Так и тянулись наши дни – долго и счастливо! Рано утром, пока солнце еще не вставало, я валялась в гамаке, встречая выходящих в море рыбаков, трусящих мимо собак, любуясь парящей в воздухе пальмой и наблюдая за набегающими волнами, над которыми начинали спешить «на работу» белоснежные ожерелья чаек, а вдали появлялись дельфины. На песок к кромке воды выходили первые «йоги» - молодые девушки, юноши, старики и пожилые дамы. Они вели себя очень отстраненно - каждый был сам по себе и не признавал поползновений другого называться «йогом». Устраивались они  подальше друг от друга , будто им было мало места на песке и противно  смотреть, как « непрофессионально» занимается «йогой» их сосед. Перед занятием они складывали руки в молитве и обращались к солнцу с таким видом, словно оно принадлежало только им. А потом приступали к занятиям с надменным видом полного превосходства  над окружающими и глубокой сосредоточенностью на себе. Исхудавший до состояния скелета молодой европеец с копной дредов на голове, похожих на кучу рыбацких канатов, то изворачивался змеей, то закручивался узлом, вызывая бурный восторг у окруживших его плотным кольцом собак. Когда после нескольких неудавшихся попыток он, наконец, встал на голову, сложив ноги в позе лотоса, наш рыжий пес-охранник не выдержал,подбежал и уткнулся в его нос, с отвращением потянул воздух и огласил округу заливистым лаем. К нему присоединилась остальные любопытствующие псы,роя песок задними лапами и визжа то ли от восторга, то ли от ярости,  но «йога» было не так просто пронять – он продолжал себе невозмутимо торчать вверх ногами посреди разошедшейся собачьей стаи.
Вот, это да! – восхищались мы и  шли плавать или гулять к лотосовому озеру. Владе уже не казалось, что пять утра это рань.

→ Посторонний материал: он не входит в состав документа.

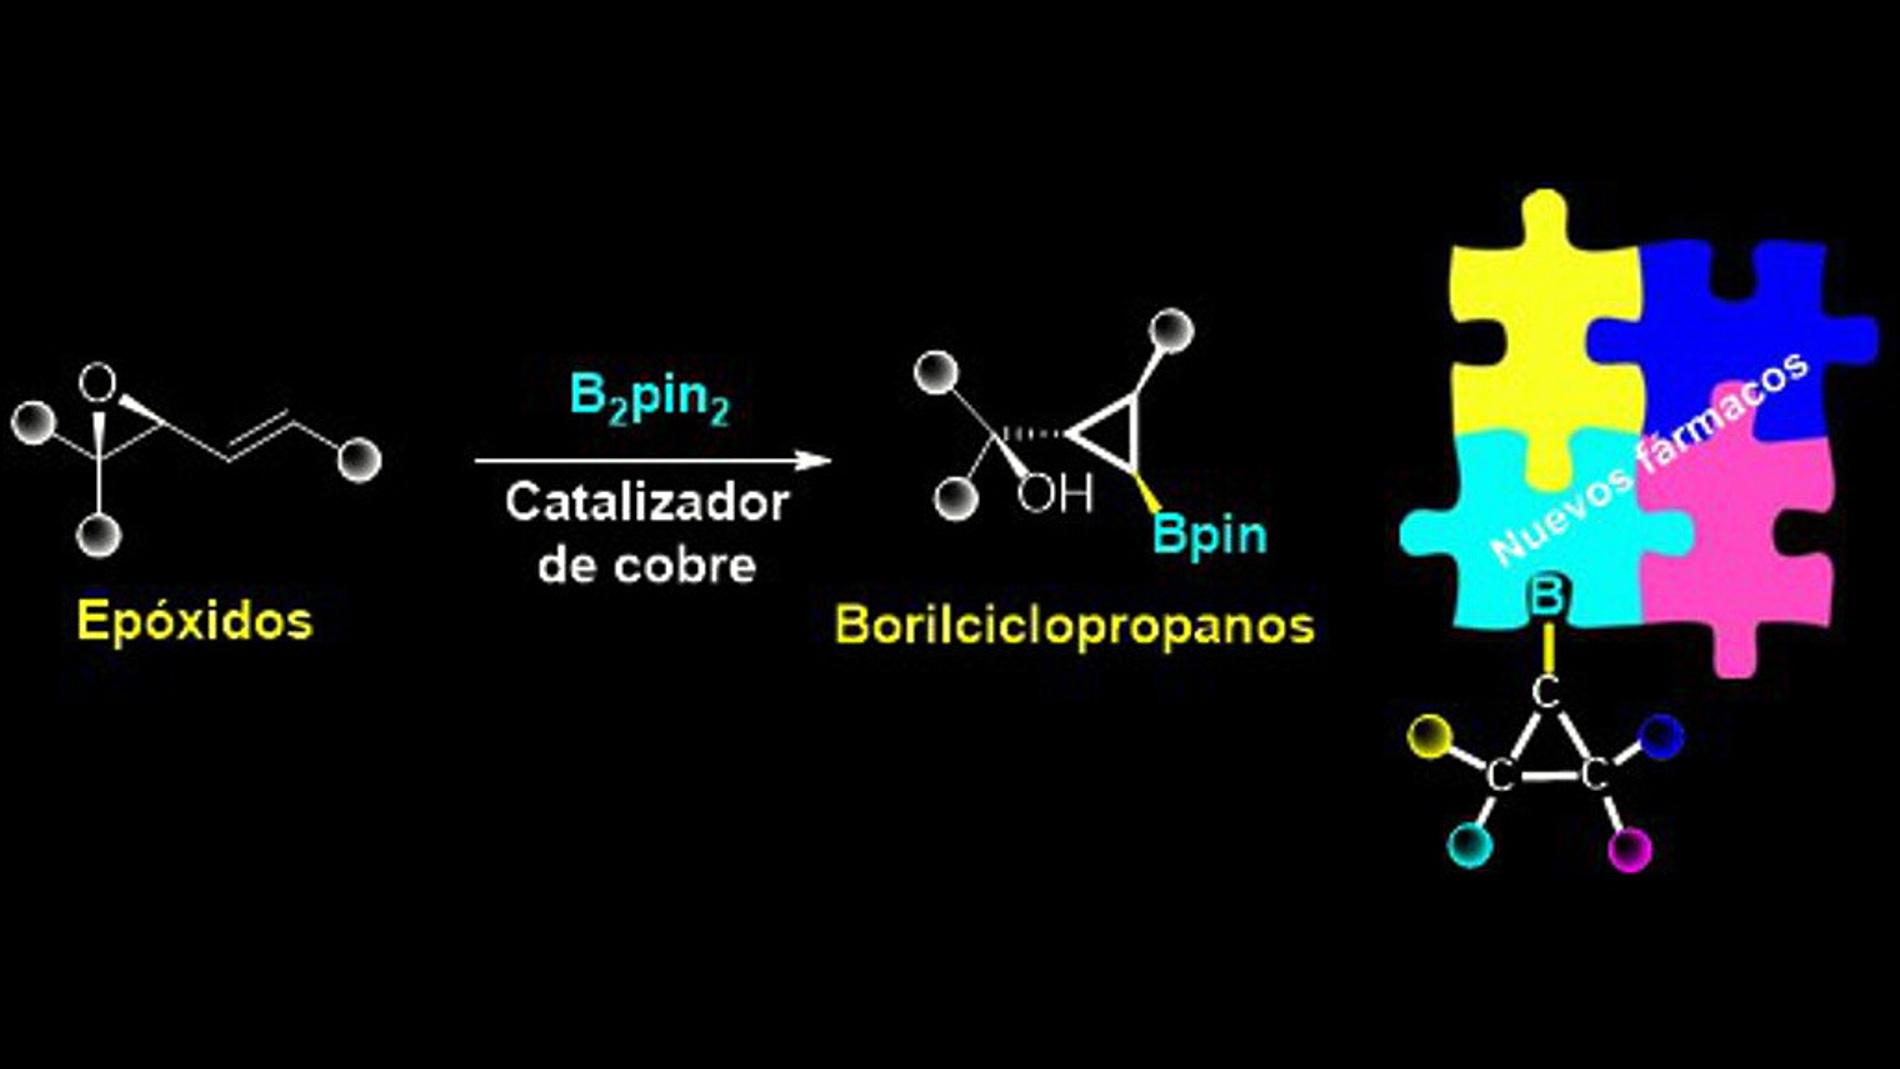 método para la preparación de ciclopropanos, moléculas rígidas y triangulares de gran interés en la industria farmacéutica
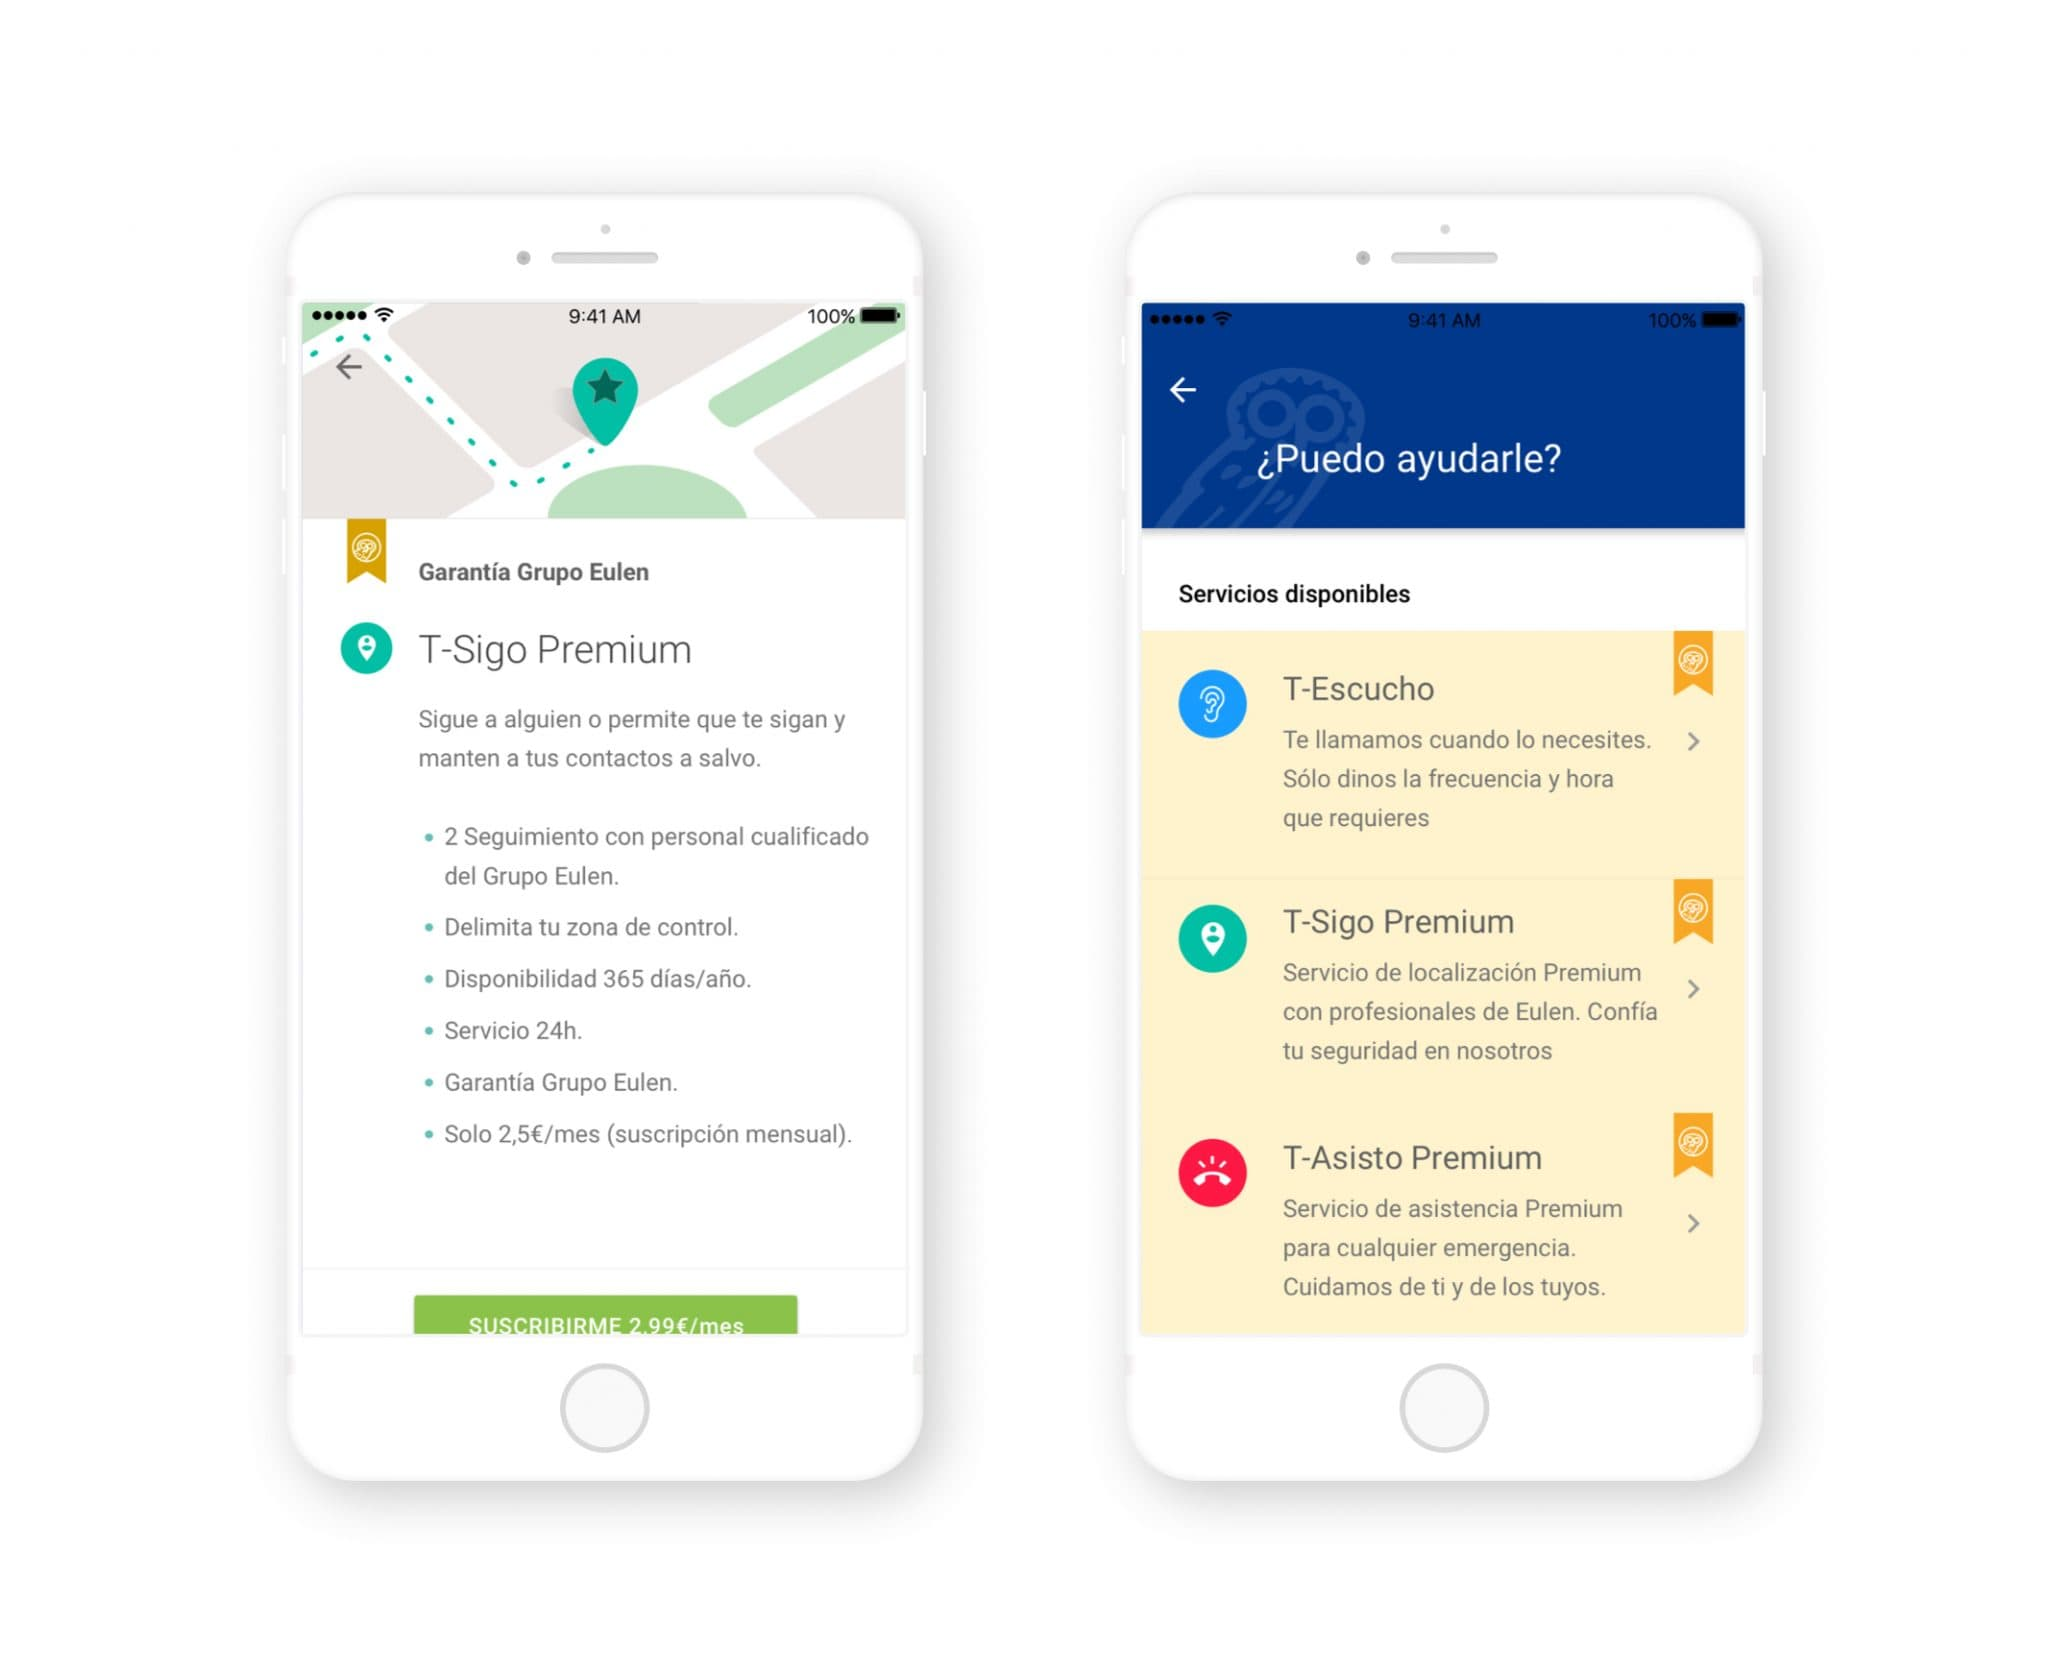 Eulen lanza la app de teleasistencia 'Acércate'

 До лотосового озера было рукой подать через рыбацкую деревушку с низкими, похожими на погреб, хижинами, за которыми зеленели рисовые поля. Мы шли по обрыву вдоль прибоя по красной каменной дорожке, совсем как из «Волшебника изумрудного города».
- Только Тотошки нам не хватает, а так все, как в сказке – замечала Влада.
Но нашим Тотошкой был тот рыжий бродячий пес из дикой стаи, который решил раз и навсегда, что будет нас охранять день и ночь повсюду. Он спал у нас на террасе и сопровождал в пути, ничего не требуя и стыдливо отворачиваясь от протянутой еды.
- Аристократ! Не иначе! – злилась Влада.- И что ему еще надо?!
- Ничего кроме хозяйской ноги, за которой можно бежать остаток жизни!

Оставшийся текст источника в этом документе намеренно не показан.